Кузнец был хромым. Вообще хромых и колченогих в Мессении было пруд пруди, и многие либо учительствовали, либо работали в кузне, так как в поле от них было мало проку. Ксенодок, подметив это, сказал, что и Гефест на Олимпе стал хромым в угоду кузнецам, теперь осталось Гермесу — покровителю наук — переломать руки-ноги. Расчетливый же Аристомен думал собрать из полукалек когда-нибудь конницу, которая, неожиданно появляясь, забрасывала бы спартанскую фалангу дротиками, да хоть просто камнями.
Пока они разбирались и договаривались в кузнице, со стороны Эхалии подошел обоз, который вел Филострат. На этот раз его сопровождал отряд гораздо многочисленнее обычного. Первой мыслью Аристомена было броситься Филострату в ноги и вымолить Архидамею, а второй — что это бессмысленно. Но он смотрел на Филострата во все глаза, стараясь определить, какой человек перед ним.
— Здравствуй, Дамис! — Как всякий человек, нутром чувствующий, что поступает несправедливо, и имея начатки совести, Филострат корчил из себя самоуверенного благожелательно настроенного бодрячка, своего пария.
— В этом году ты пришел рано, спартанец, — ответил Дамис, приосанившись. — Народ еще не свез с полей урожай. Вот дня через два…

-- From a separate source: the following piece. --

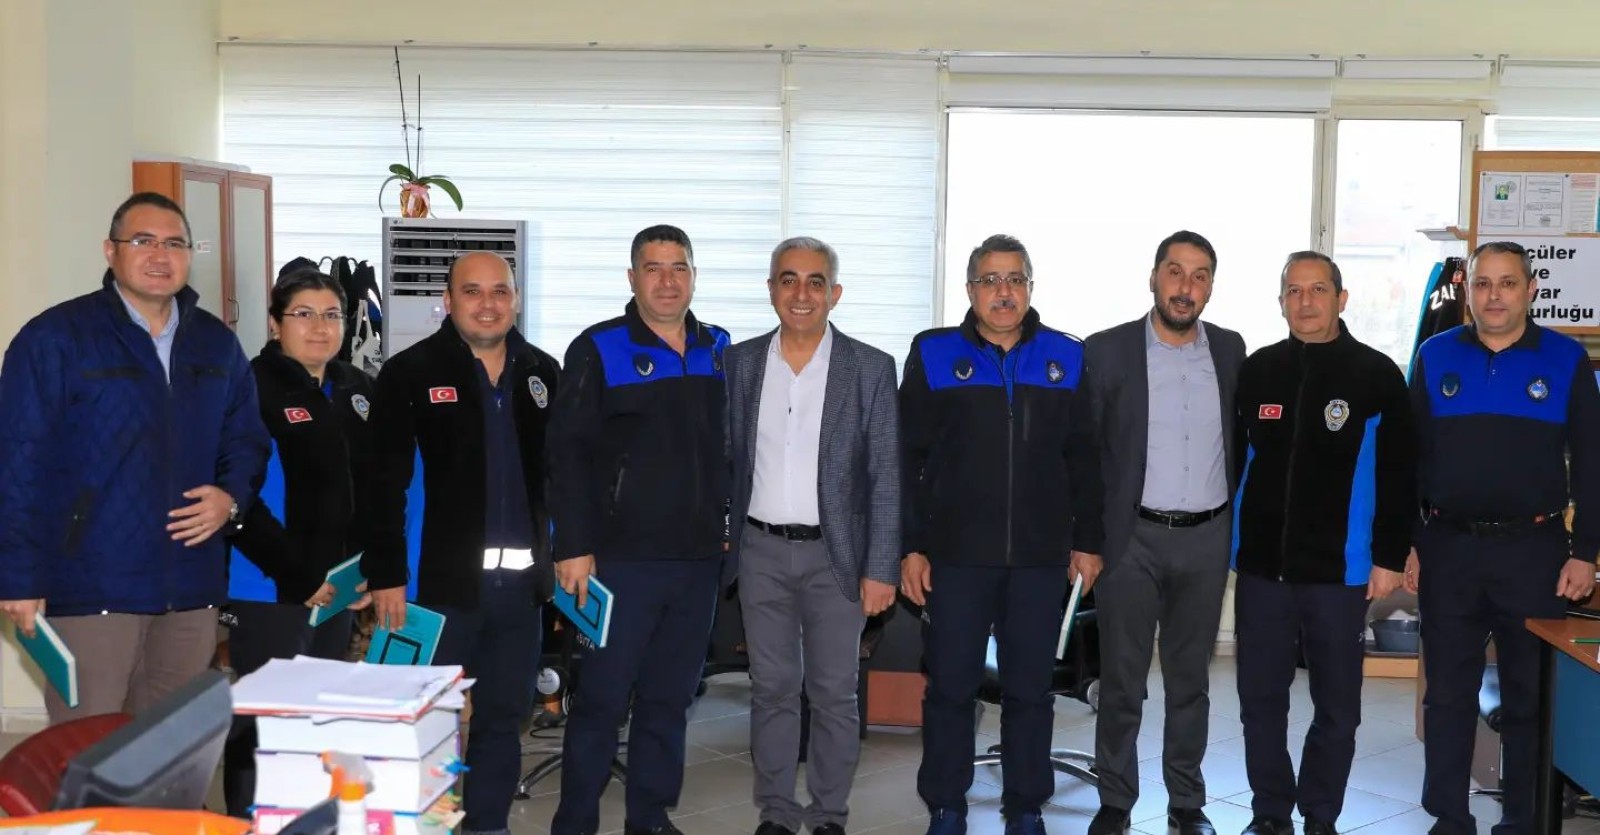 Belediye Başkanımız Muhammet Karakuş ve Başkan Yardımcımız Hüseyin Ertuğrul Belediye Hizmet Binamız içinde çalışan personelimizin yeni yıllarını kutladılar.

— Знаю, и потому здесь. У геронтов есть сведения, что вы нарушаете договор и часть прячете. Вот и послали присмотреть, как будут свозить урожай, ха-ха!
— И как ты собираешься проверить пашу честность? У тебя не хватит людей приставить к каждому земледельцу.
Филострат задумался. Было видно, что он складывает в голове ответ, но процесс идет туго.
— Дамис, ты честью и правдой служил Спарте столько лет! Но в последние годы что-то изменилось, мы чувствуем и опасаемся, как бы мессенский народ не совершил опрометчивой оплошности, — сказал другой спартанец, видимо, владевший азами дипломатии.
— Да, — подтвердил Филострат. — Вот я смотрю: откуда в кузнице щит с орлом? Кто тут у вас такой орел?
— Спартанец, этот щит мы собираемся посвятить в храм Зевса в Олимпии. Ты же знаешь, скоро олимпиада.
— Ну да, — пробормотал он, — не с пустыми же руками.
«И это убожество — дед моего будущего ребенка?! — ужаснулся Аристомен. — Теперь понятно, почему Архидамея предпочитает храмы отчему дому».
— Чего уставился? — спросил Филострат, поймав пристальный, изучающий взгляд Аристомена.
Тот пожал плечами.
— А ты здоровый парень. Пойдешь ко мне оруженосцем?
— А кто тебя кормить будет? — испугался Дамис. — Это наш лучший пахарь.